FAKTOR - FAKTOR YANG MEMPENGARUHI PERUBAHAN SOSIAL

Faktor-faktor yang mempengaruhi Perubahan Sosial
Perubahan sosial budaya adalah sebuah gejala berubahnya struktur sosial dan pola budaya dalam suatu masyarakat. Perubahan sosial budaya merupakan gejala umum yang terjadi sepanjang masa dalam setiap masyarakat. Perubahan itu terjadi sesuai dengan hakikat dan sifat dasar manusia yang selalu ingin mengadakan perubahan.
Dalam kehidupan nyata, perubahan sosial yang terjadi pada masyarakat, pasti akan terjadi. Setiap segmen masyarakat hendaknya fleksibel terhadap perubahan yang akan terjadi baik cepat maupun lambat. Dengan keunggulan seperti itu, masyarakat akan mengurangi tingkat pengaruh negatif dari perubahan ini. Arah timbulnya pengaruh pun dapat berasal dari dalam maupun luar. Berikut adalah penjelasan faktor-faktor perubahan sosial berdasarkan arah timbulnya pengaruh.
a. Internal Factor
Internal factor (faktor dalam) adalah faktor-faktor yang berasal dari dalam masyarakat itu yang menyebabkan timbulnya perubahan pada masyarakat itu sendiri baik secara individu, kelompok ataupun organisasi. Berikut ini sebab-sebab perubahan sosial yang bersumber dari dalam masyarakat (sebab intern).
1)             Dinamika penduduk, yaitu pertambahan dan penurunan jumlah penduduk. Pertambahan penduduk yang sangat cepat akan mengakibatkan perubahan dalam struktur masyarakat, khususnya dalam lembaga kemasyarakatannya. Salah satu contohnya disini adalah orang akan mengenal hak milik atas tanah, mengenal system bagi hasil, dan yang lainnya, dimana sebelumnya tidak pernah mengenal. Sedangkan berkurangnya jumlah penduduk akan berakibat terjadinya kekosongan baik dalam pembagian kerja, maupun stratifikasi social, hal tersebut akan mempengaruhi lembaga-lembaga kemasyarakatan yang ada.
2)             Adanya penemuan-penemuan baru yang berkembang di masyarakat, baik penemuan yang bersifat baru (discovery) ataupun penemuan baru yang bersifat menyempurnakan dari bentuk penemuan lama (invention). Suatu proses social dan kebudayaan yang besar, tetapi terjadi dalam jangka waktu yang tidak terlalu lama disebut dengan inovasi. Proses tersebut meliputi suatu penemuan baru, jalannya unsur kebudayaanbaru yang tersebar ke lain-lain bagian masyarakat, dan cara-cara unsure kebudayaan baru tadi diterima, dipelajari dan akhirnya dipakai dalam masyarakat yang bersangkutan.

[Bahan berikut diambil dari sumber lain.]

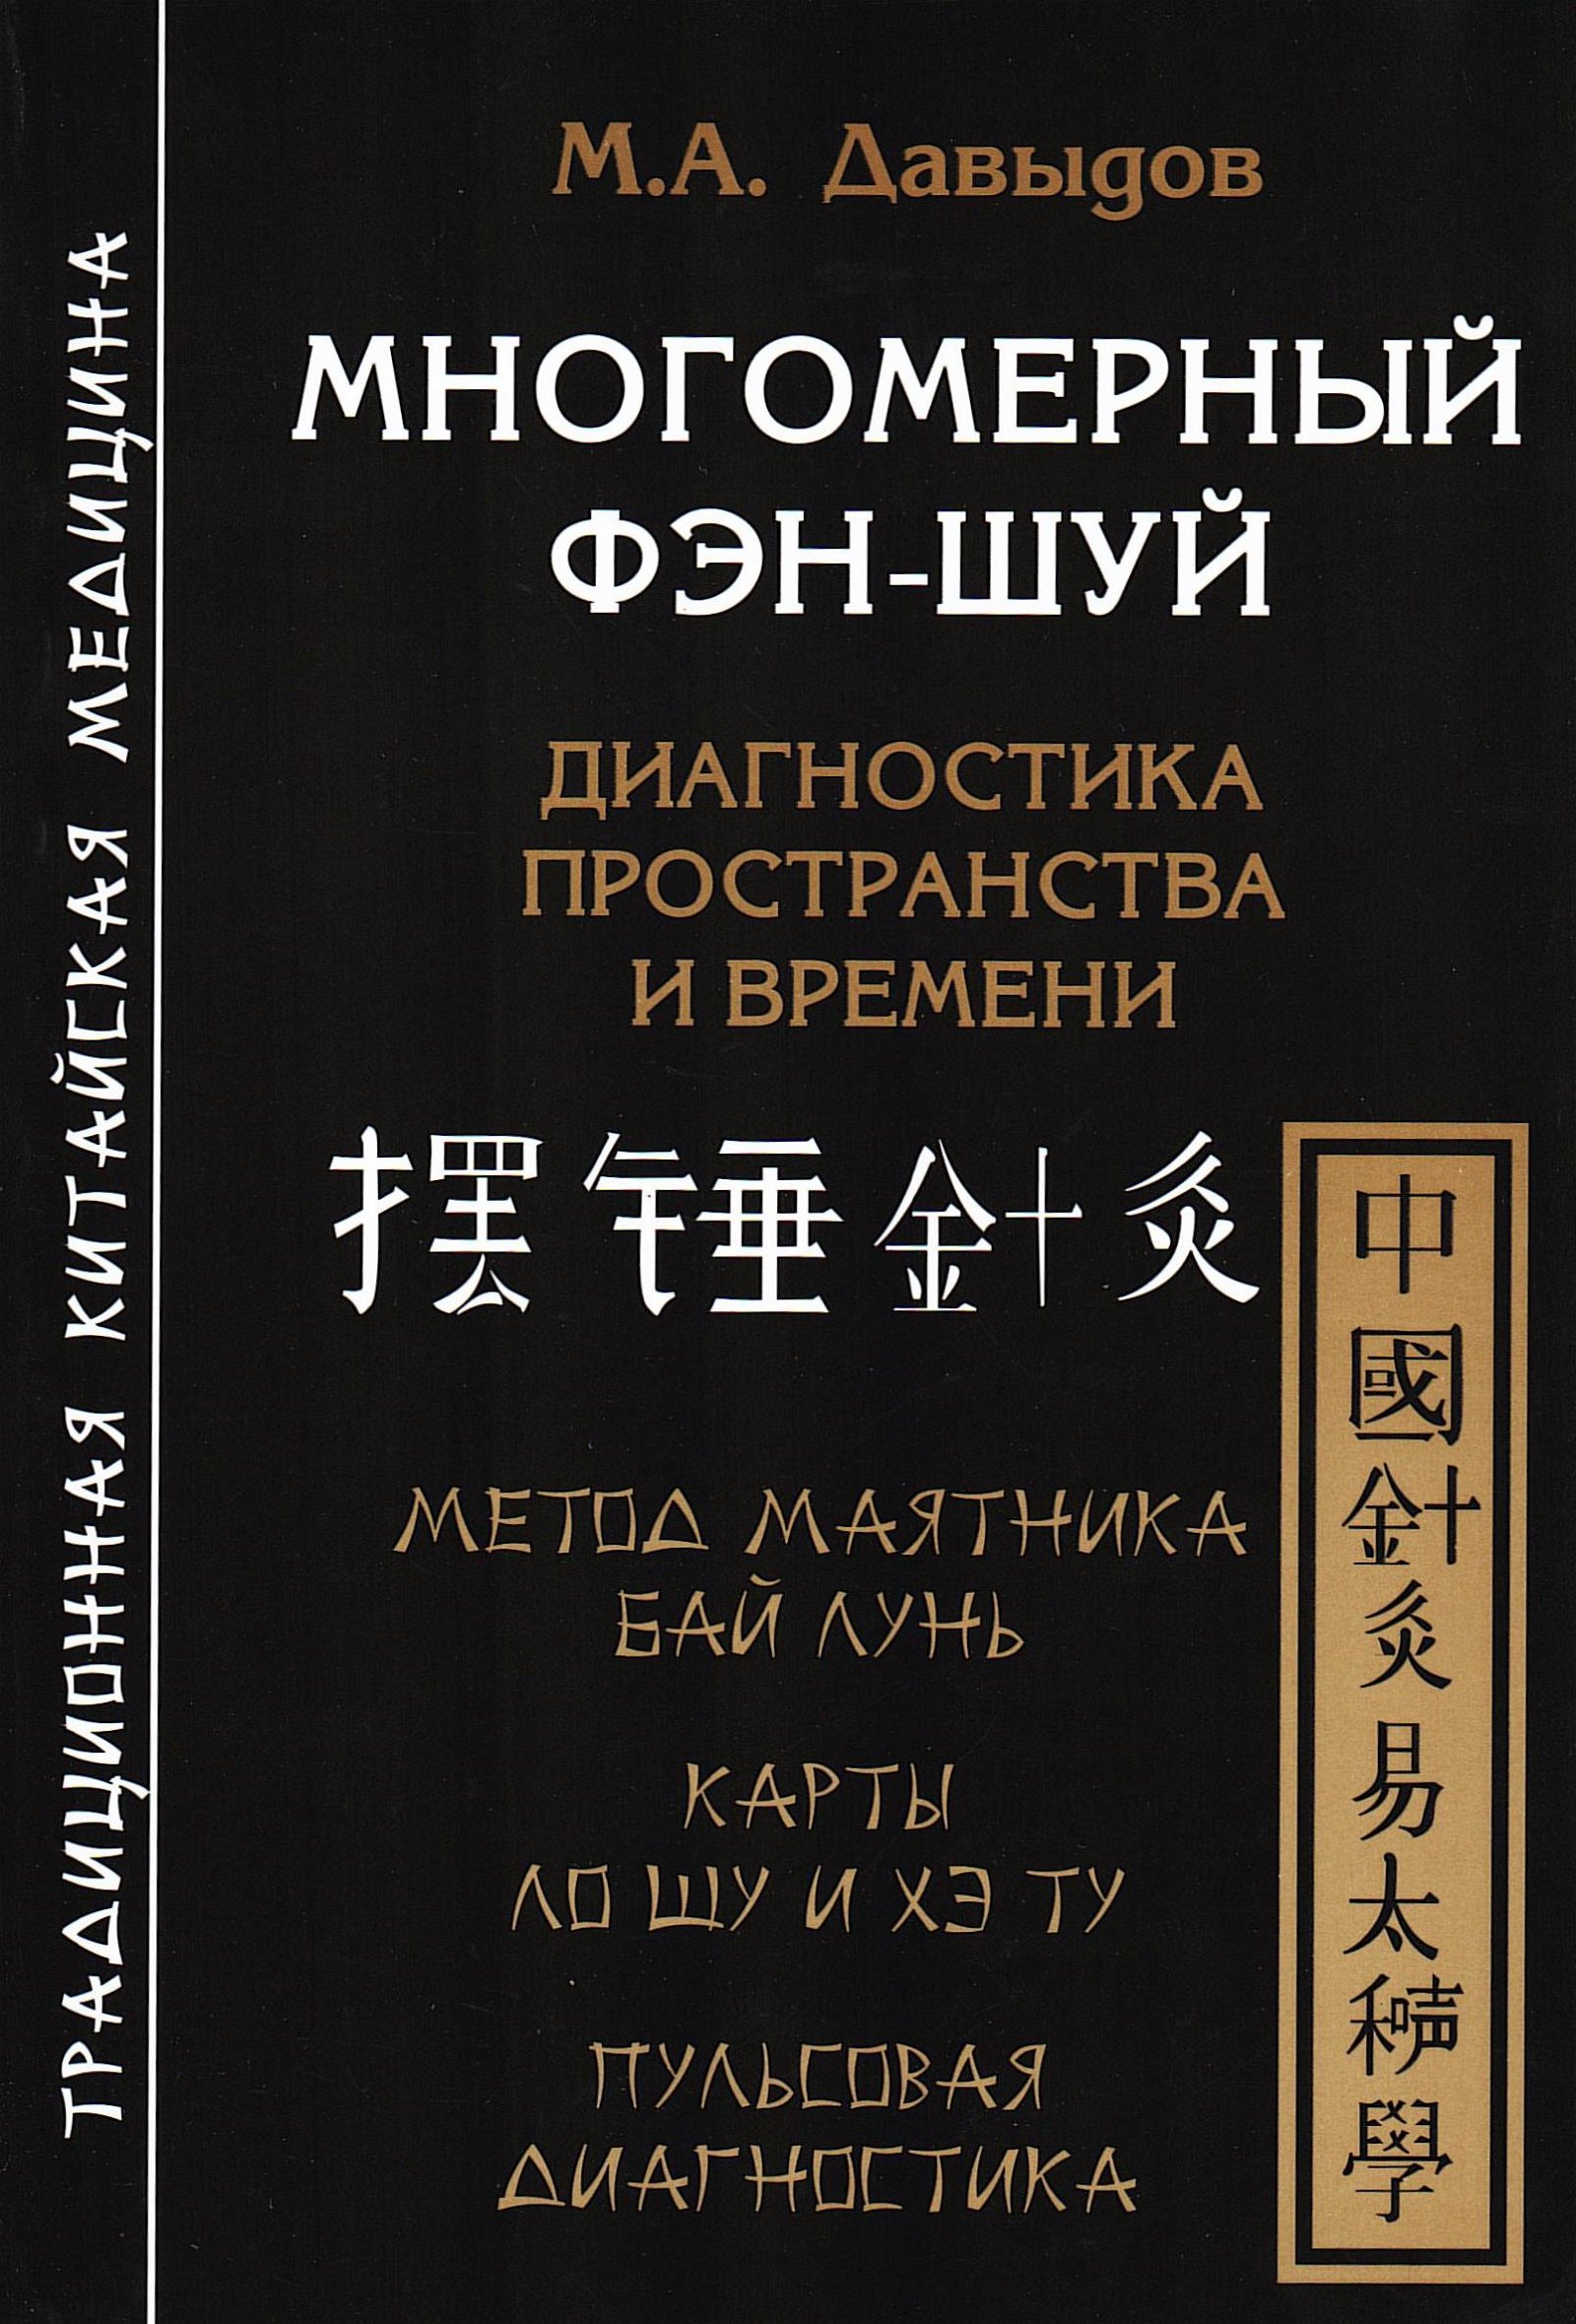 Купить книгу Многомерный Фэн-шуй Давыдов М. А. в интернет-магазине Ариаварта

Penemuan baru sebagai akibat terjadinya perubahan-perubahan dapat dibedakan dalam pengertian discovery dan inventionDiscovery adalah penemuan unsur kebudayaan yang baru, baik berupa alat ataupun yang berupa gagasan yang diciptakan oleh seorang individu atau serangkaian ciptaan para individu. Discovery sendiri akan berubah menjadi invention, jika masyarakat sudah mengakui, menerima serta menerapkan penemuan baru tersebut.
3)             Munculnya berbagai bentuk pertentangan (conflict) dalam masyarakat. Pertentangan ini bisa terjadi antara individu dengan kelompok atau antara kelompok dengan kelompok. Mmisalnya saja pertentangan antara generasi muda dengan generasi tua. Generasi muda pada umumnya lebih senang menerima unsur-unsur kebudayaan asing, dan sebaliknya generasi tua tidak menyenangi hal tersebut. Keadaan seperti ini pasti akan mengakibatkan perubahan dalam masyarakat.

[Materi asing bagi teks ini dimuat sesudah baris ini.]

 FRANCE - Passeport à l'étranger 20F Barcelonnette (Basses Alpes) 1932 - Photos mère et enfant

4)             Terjadinya pemberontakan atau revolusi sehingga mampu menyulut terjadinya perubahan-perubahan besar. Revolusi yang terjadi pada suatu masyarakat akanm membawa akibat berubahnya segala tata cara yang berflaku pada lembaga-lembaga kemasyarakatannya. Biasanya hal ini diakibatkan karena adanya kebijaksanaan atau ide-ide yang berbeda. Misalnya, Revolusi Rusia (Oktober 1917) yang mampu menggulingkan pemerintahan kekaisaran dan mengubahnya menjadi sistem diktator proletariat yang dilandaskan pada doktrin Marxis. Revolusi tersebut menyebabkan perubahan yang mendasar, baik dari tatanan negara hingga tatanan dalam keluarga.
b. External Factor
Selain internal factor, pada masyarakat juga dikenal external factorExternal factor atau faktor luar adalah faktor-faktor yang berasal dari luar masyarakat yang menyebabkan timbulnya perubahan pada masyarakat. Berikut ini sebab-sebab perubahan sosial yang bersumber dari luar masyarakat (sebab ekstern).

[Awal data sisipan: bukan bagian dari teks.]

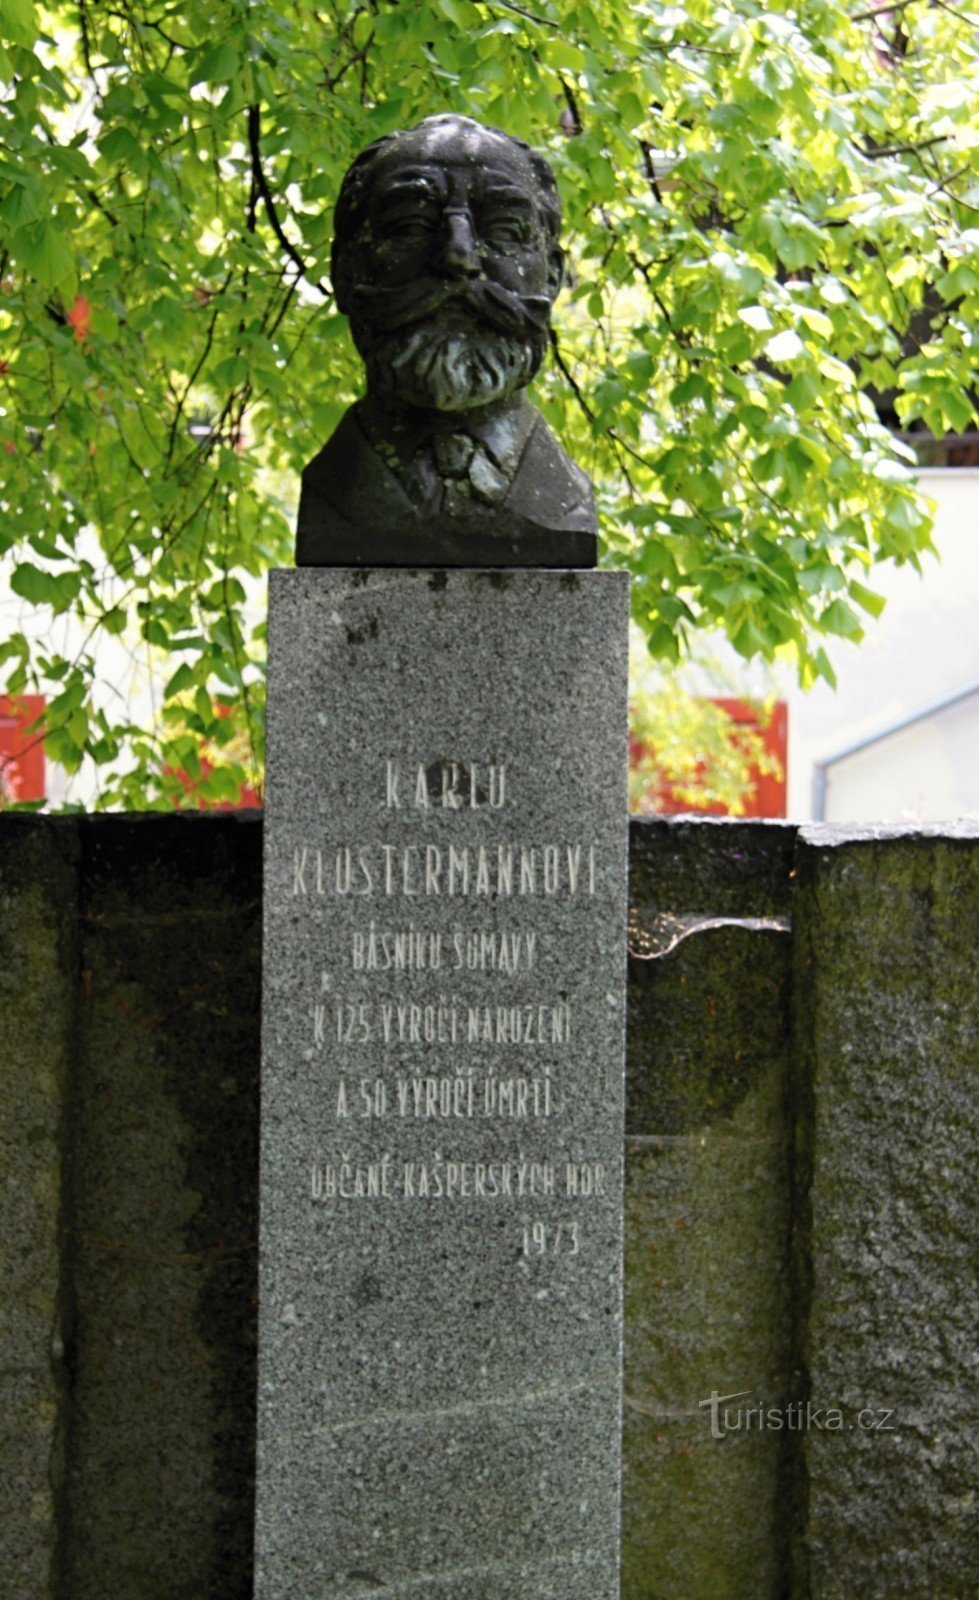 Monumentul lui Karel Klostrmann

1)             Adanya pengaruh bencana alam. Kondisi ini terkadang memaksa masyarakat suatu daerah untuk mengungsi meninggalkan tanah kelahirannya. Apabila masyarakat tersebut mendiami tempat tinggal yang baru, maka mereka harus menyesuaikan diri dengan keadaan alam dan lingkungan yang baru tersebut. Hal ini kemungkinan besar juga dapat memengaruhi perubahan pada struktur dan pola kelembagaannya.
2)             Adanya peperangan, baik perang saudara maupun perang antarnegara dapat menyebabkan perubahan, karena pihak yang menang biasanya akan dapat memaksakan ideologi dan kebudayaannya kepada pihak yang kalah. Misalnya, terjadinya perang antarsuku ataupun negara akan berakibat munculnya perubahan-perubahan, pada suku atau negara yang kalah. Pada umunya mereka yang menang akan memaksakan kebiasaan-kebiasaan yang biasa dilakukan oleh masyarakatnya, atau kebudayaan yang dimilikinya kepada suku atau negara yang mengalami kekalahan. Contohnya, jepang yang kalah perang dalam Perang Dunia II, masyarakatnya mengalami perubahan-perubahan yang sangat berarti.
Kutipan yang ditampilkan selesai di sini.